Congenital myotonic dystrophy requiring prolonged endotracheal and noninvasive assisted ventilation: Not a uniformly fatal condition

C. Keller

Research output: Contribution to journalArticle

20 Scopus citations

Abstract

In this report we present two infants with congenital myotonic dystrophy (CMD) who were successfully weaned from prolonged ventilatory support using nasal continuous positive airway pressure (N-CPAP). The first infant received 127 days of endotracheal mechanical ventilation as part of 141 days of total ventilatory support, including N-CPAP; the second infant received 27 days of endotracheal mechanical ventilation as part of 84 days of total ventilatory support.
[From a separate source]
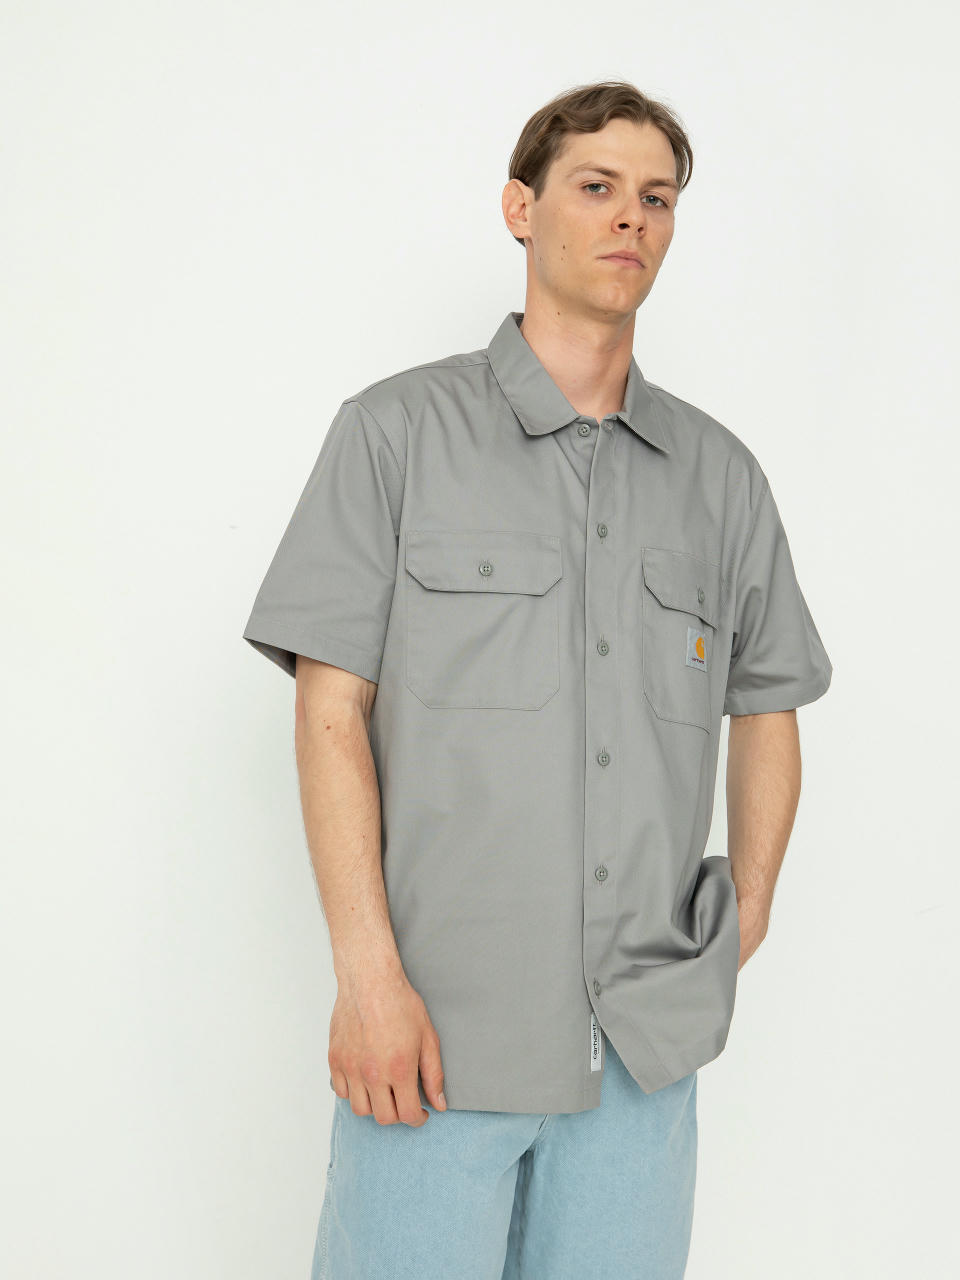 Carhartt WIP Master Shirt (marengo)
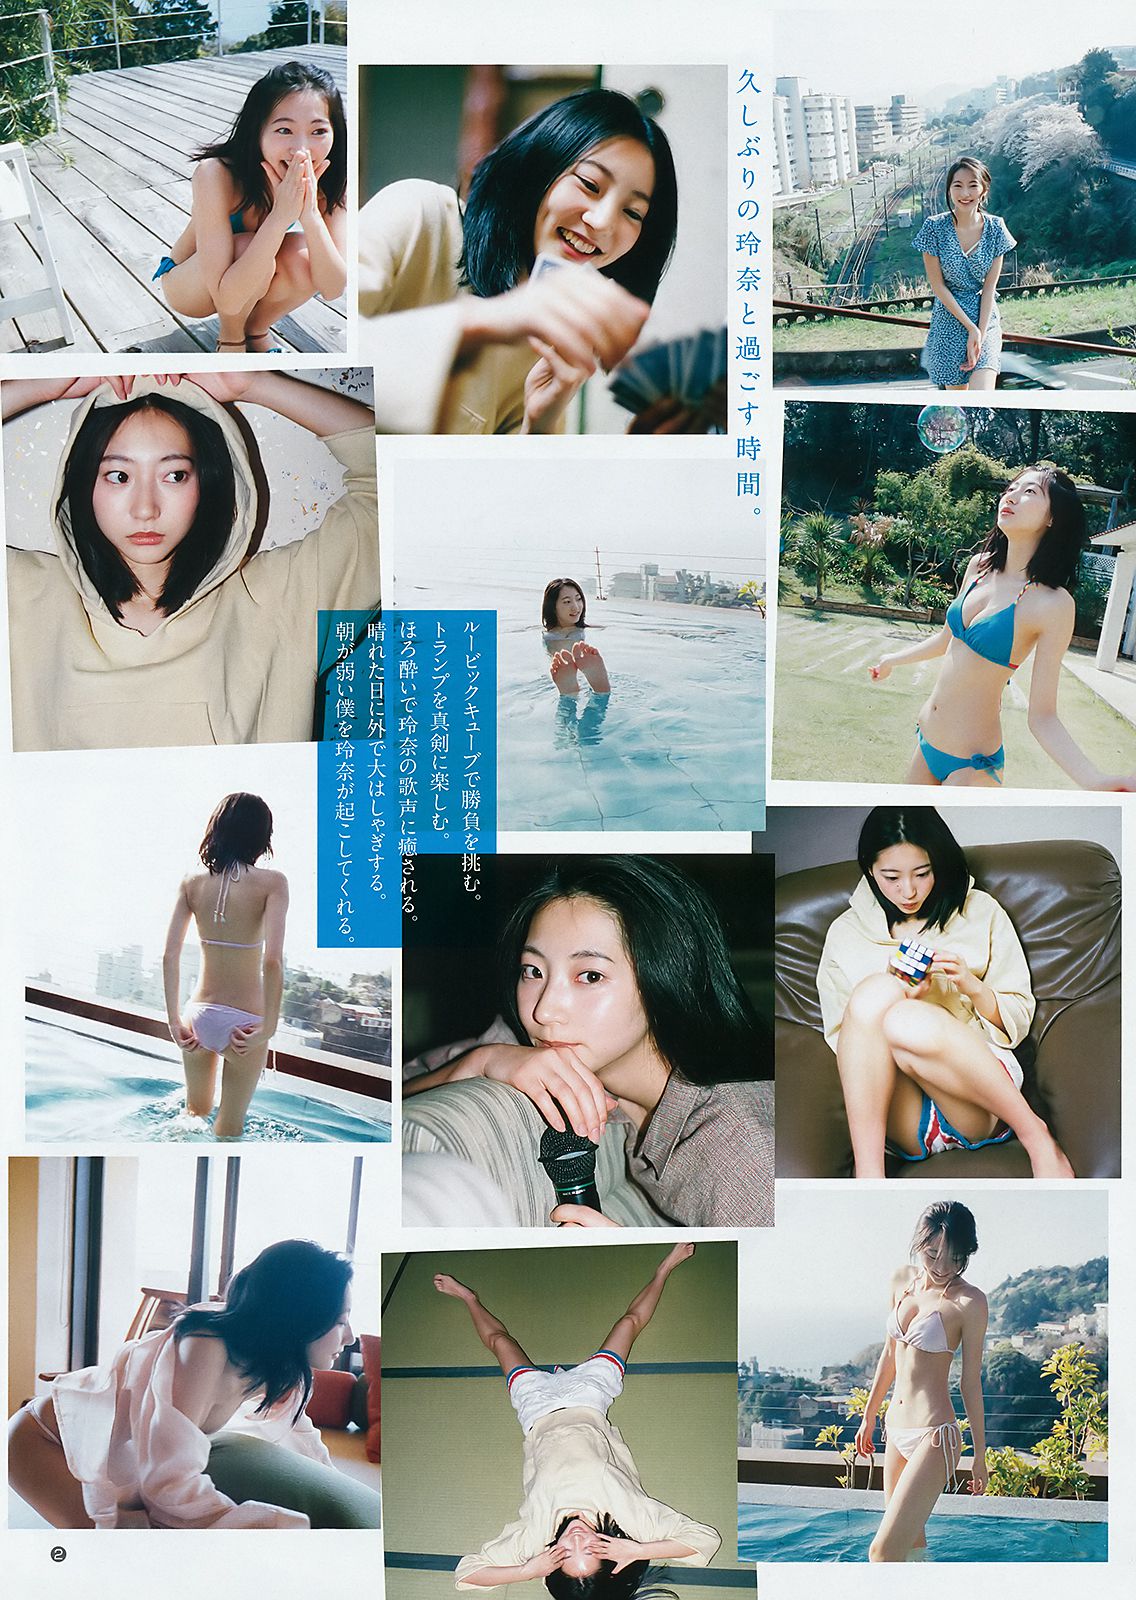 Rena Takeda Kasumi Arimura Rikako Aida [Weekly Young Jump] 2018 No.21-22 Photograph Page 1 No.0cd81e

Noninvasive N-CPAP facilitated weaning these two infants from ventilatory support, thereby minimizing the morbidity associated with prolonged intubation. The developmental outcomes of our two infants were comparable to infants not requiring prolonged endotracheal mechanical ventilation. We suggest that this noninvasive modality of ventilatory support may be advantageous in the management and beneficial to the outcome of infants with CMD who are respirator-dependent for >30 days.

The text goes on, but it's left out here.